Circuit Court, D. Massachusetts.

Oct. Term, 1816.

SEIZURE BY CUSTOMS OFFICER—JURISDICTION OF DISTRICT COURT TO COMPEL RESTITUTION—CUSTODIA LEGIS—LIABILITY OF CUSTOMS OFFICERS.

1. The district court, as a court of admiralty and maritime jurisdiction, may entertain suits for all torts, damages, and unlawful seizures at sea; and as a court of revenue, it may entertain suits for the trial of property seized for violations of municipal laws; and, as incident to this jurisdiction, may compel a redelivery of the property, and award damages for any loss of, or injury to it. It may compel a seizor to proceed to adjudication, in the same manner as it does a captor. After process served in proceedings in rem, the thing is deemed in the custody of the court, though in the actual possession of the collector, &c, under the act of 1799 [1 Stat. 678].

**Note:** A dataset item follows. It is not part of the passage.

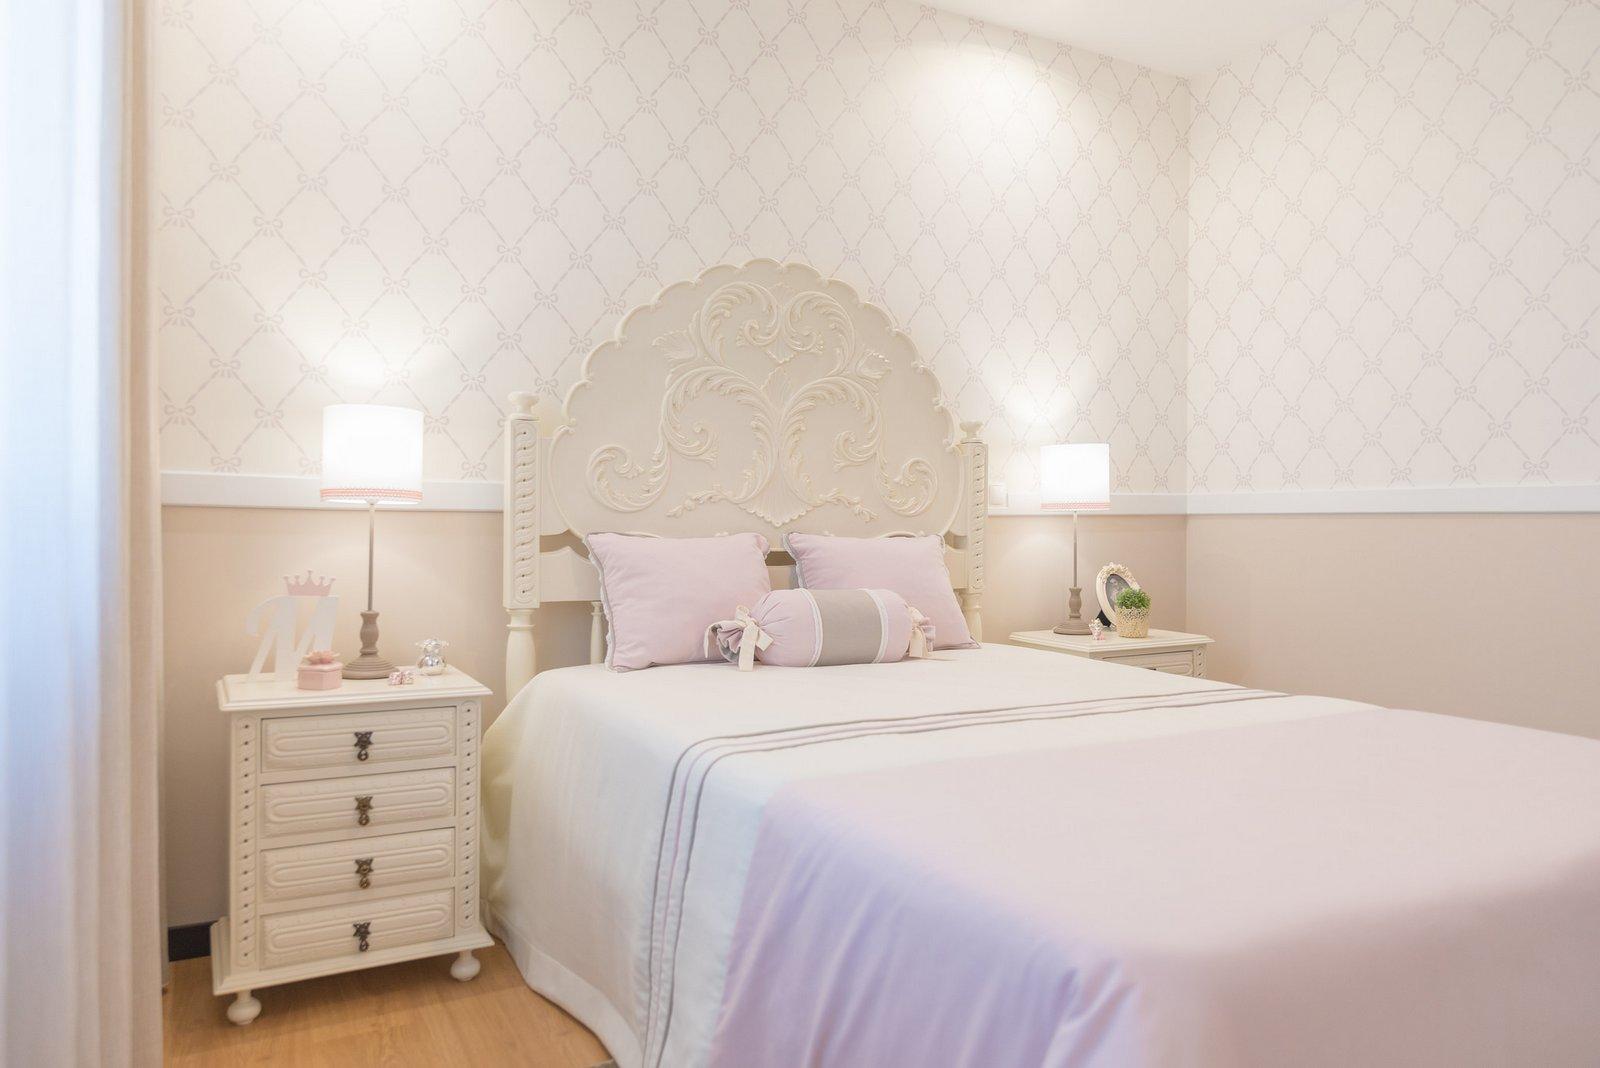 Ângela Pinheiro - Decoração de Interiores - Home Design - Decoração de Interiores - Quarto da Avó
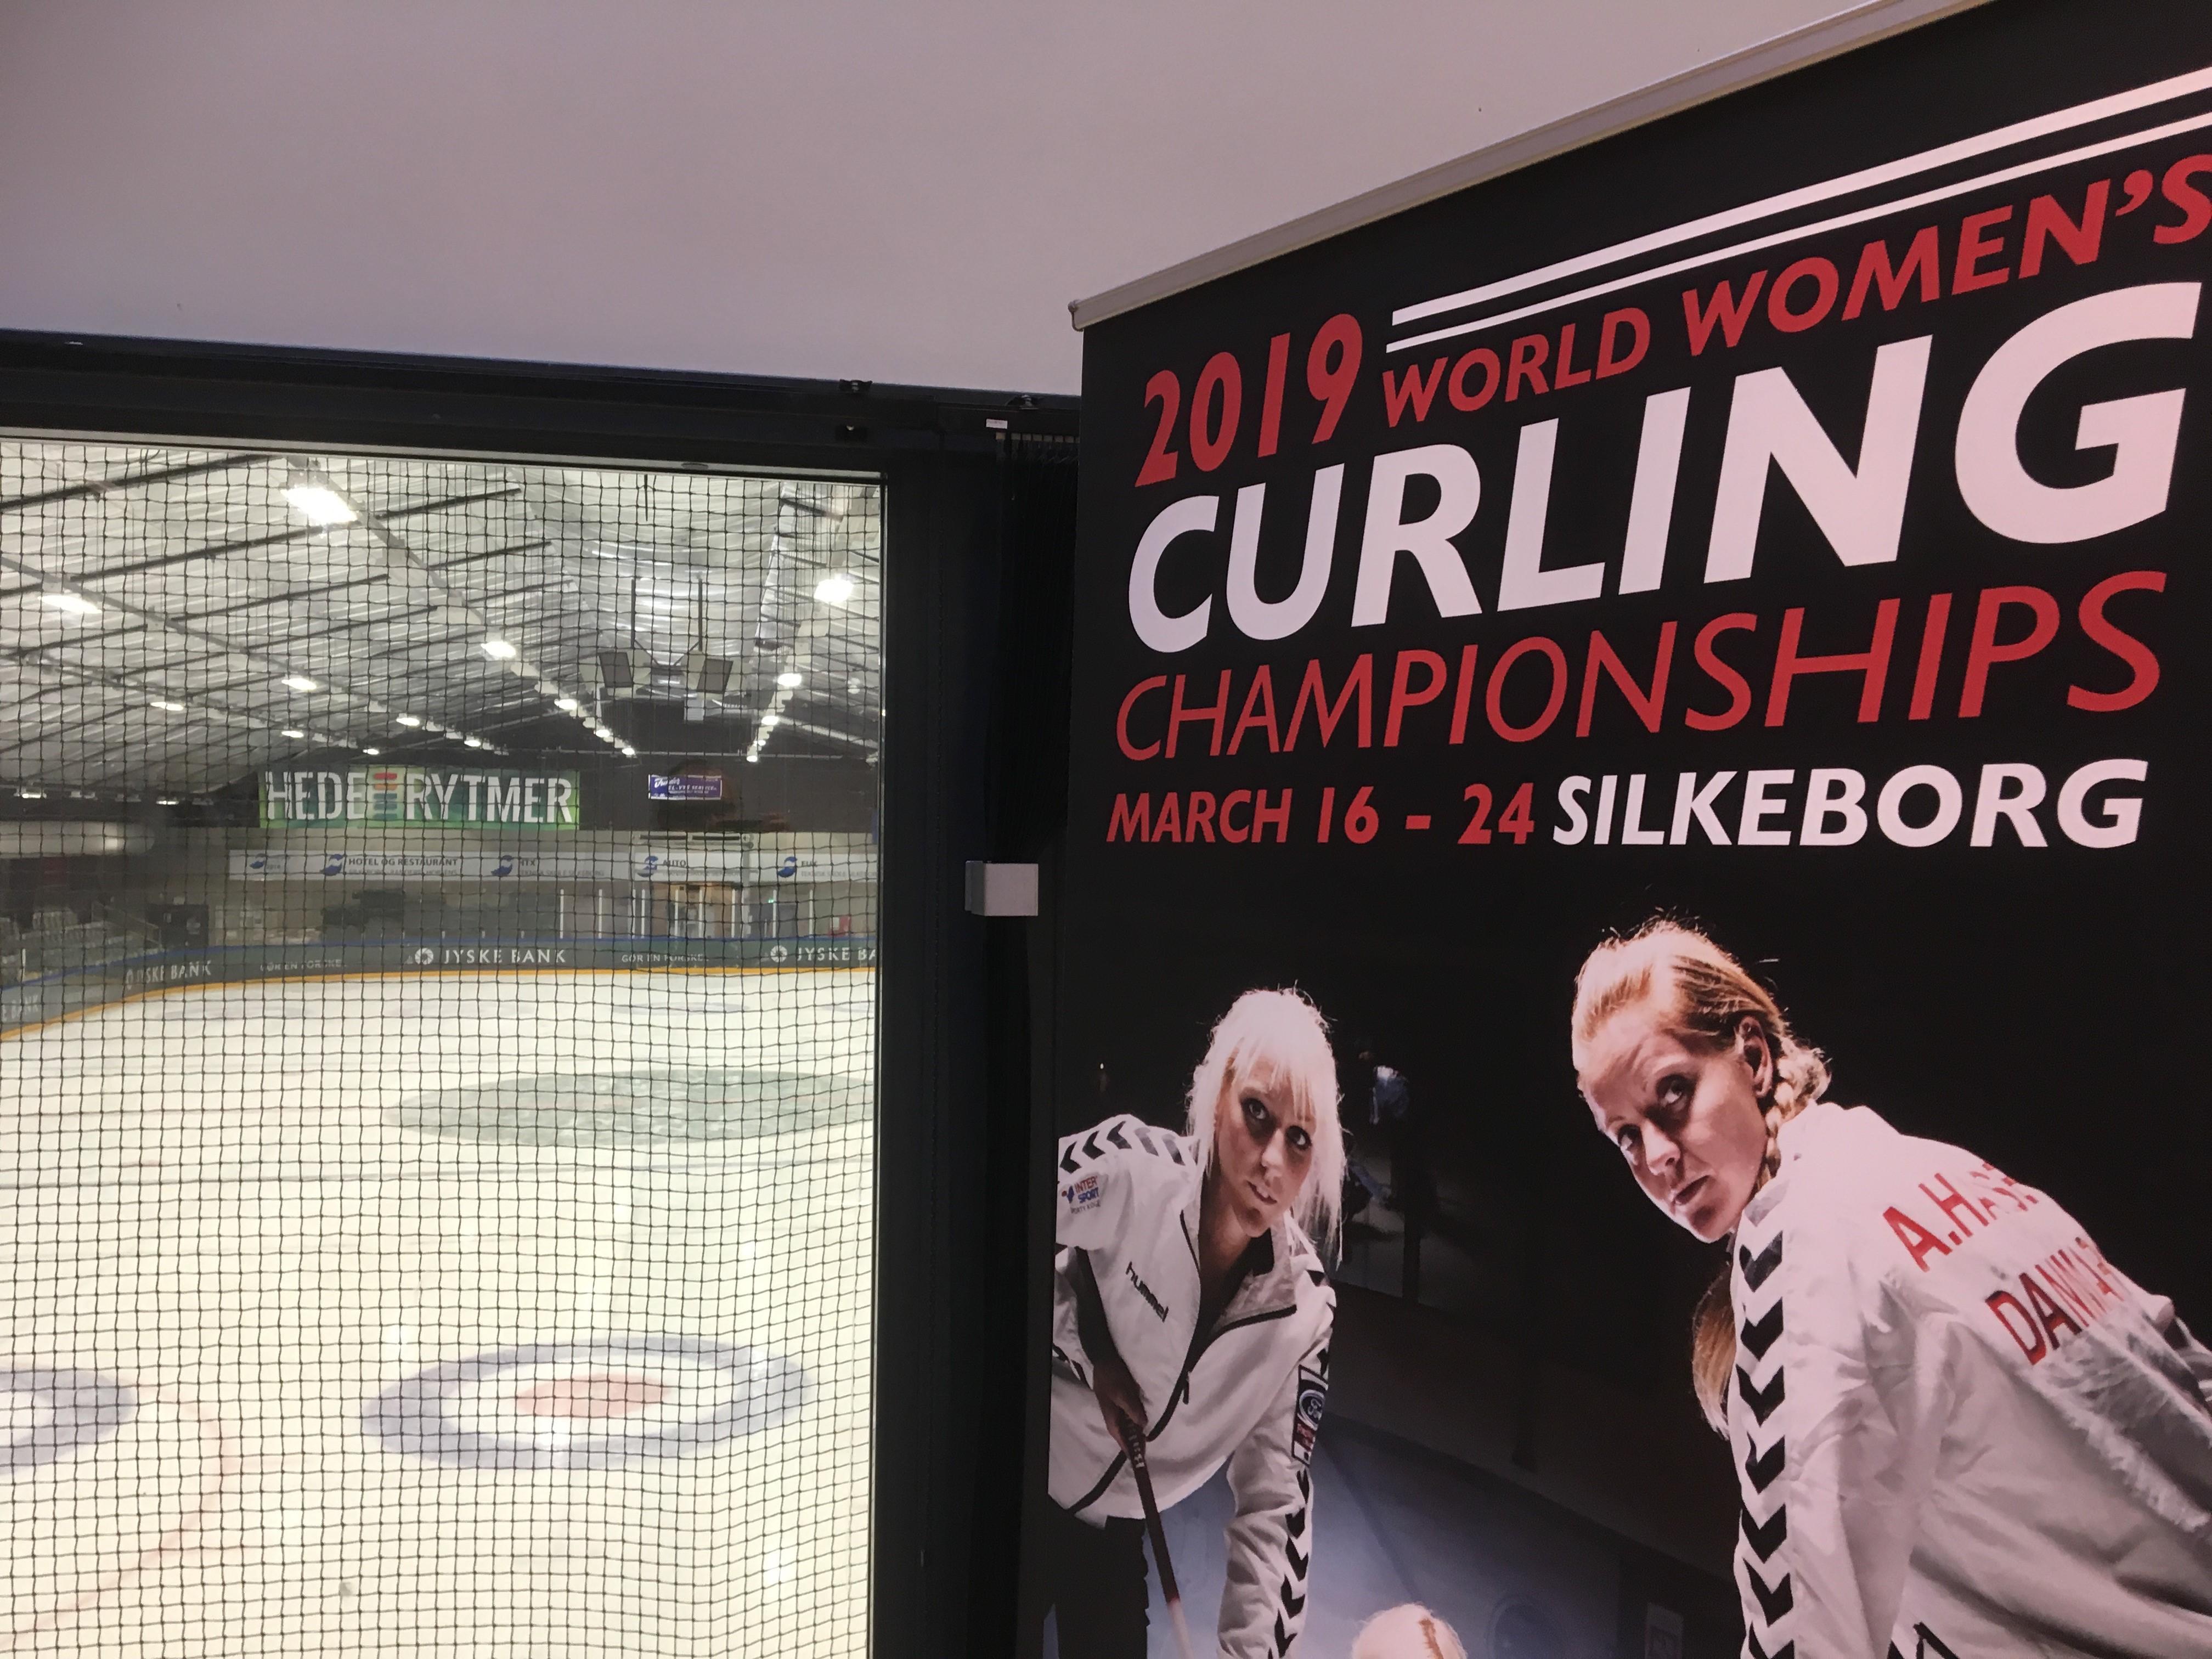 curling.jpg

[Cited in The Phebe, Case No. 11,066; Re Metzger, Id. 9,511; Waring v. Clarke. 5 How. (46 U. S.) 486; Smith v. Averill, Case No. 13,007; Ex parte Fassett, 142 U. S. 479, 12 Sup. Ct. 298.]

[See U. S. v. Mooney, 11 Fed. 476; The Hollen, Case No. 6,608.]

2. The officers of the court, who have the custody of property seized, pending the suit, are responsible for any loss or injury sustained by want of due diligence. If an officer of the revenue seize goods without probable cause, he is responsible for all losses and injuries, however occasioned. If with probable cause, he is responsible only for losses and injuries occasioned by ordinary neglect.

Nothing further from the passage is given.